The Ambassador arrived with a number of AusAID staff and was shown around by Pak Chan, who manages the IOO. Pak Faisal from the Reconstruction and Rehabilitation Agency was also there to meet him. There were a few brief speeches, including a very well-worded statement by the Ambassador about the importance of...

investment in Aceh. I forgot about my feet for a moment, thinking that the Ambassador's speech would be great for our marketing materials. IFC is providing advisory services to the IOO. This is the first investment promotion agency in Indonesia in which

promotion efforts are separated from regulatory functions. In many countries, the same government agency in charge of investment regulation is also responsible for promoting investment. This has never worked as far as I know - too many conflicts of interest. Separating these functions is something new here and is attracting attention from other Indonesian provinces.

After the IOO visit there was more to be done, and the shoes stayed on. The team leaders from Australian-funded programs were invited to a luncheon with the Ambassador and Irwandi Yusuf, the newly-elected Governor of Aceh.
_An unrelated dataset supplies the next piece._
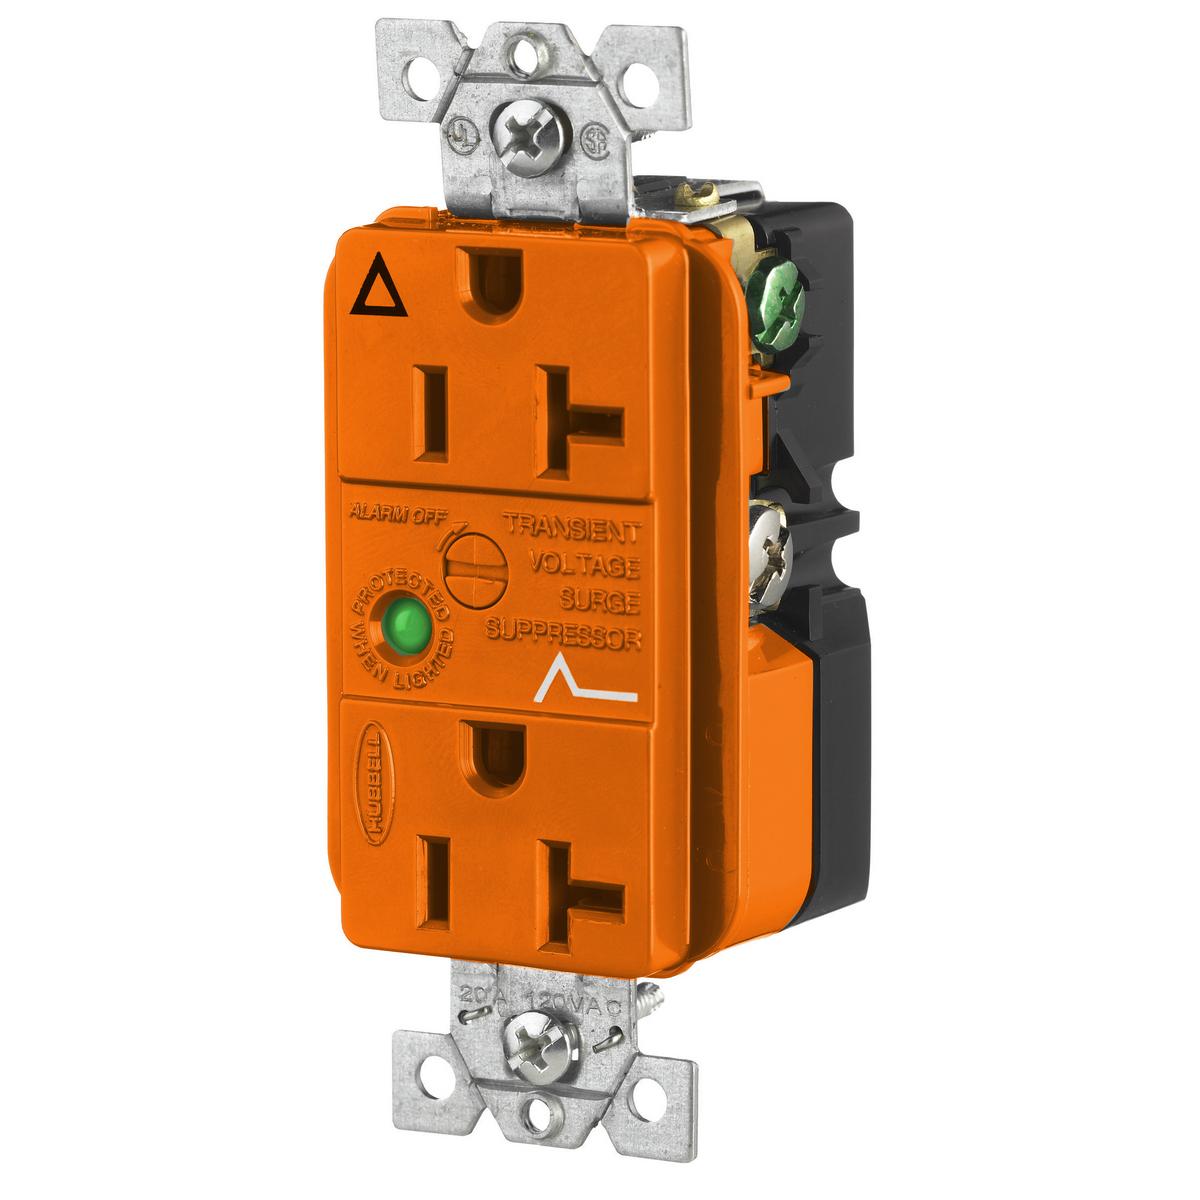 Hubbell IG5362OSA 20 Amp 125 Volt 2-Pole 3-Wire NEMA 5-20R Orange Straight Blade Duplex Receptacle

The Governor has a better story than Arnold Schwarzenegger: born in the Bireuen district of Aceh (where IFC has a shrimp farming project), he was trained as a veterinarian in the United States. He then became a leading figure in the Free Aceh Movement. He was in prison when the tsunami struck, and escaped. Two years later, he’s the first elected governor of Aceh. Now he is committed to building Aceh’s economy and has done a lot to send a new message: Aceh is open for business. We hope that this message will get much wider coverage when the IOO is formally launched in April.

At the end of the day, I kicked off my shoes, pleased with the day's events. I'm not sure how I'll ever adapt to the shoe-wearing culture again, but that is a challenge for another day.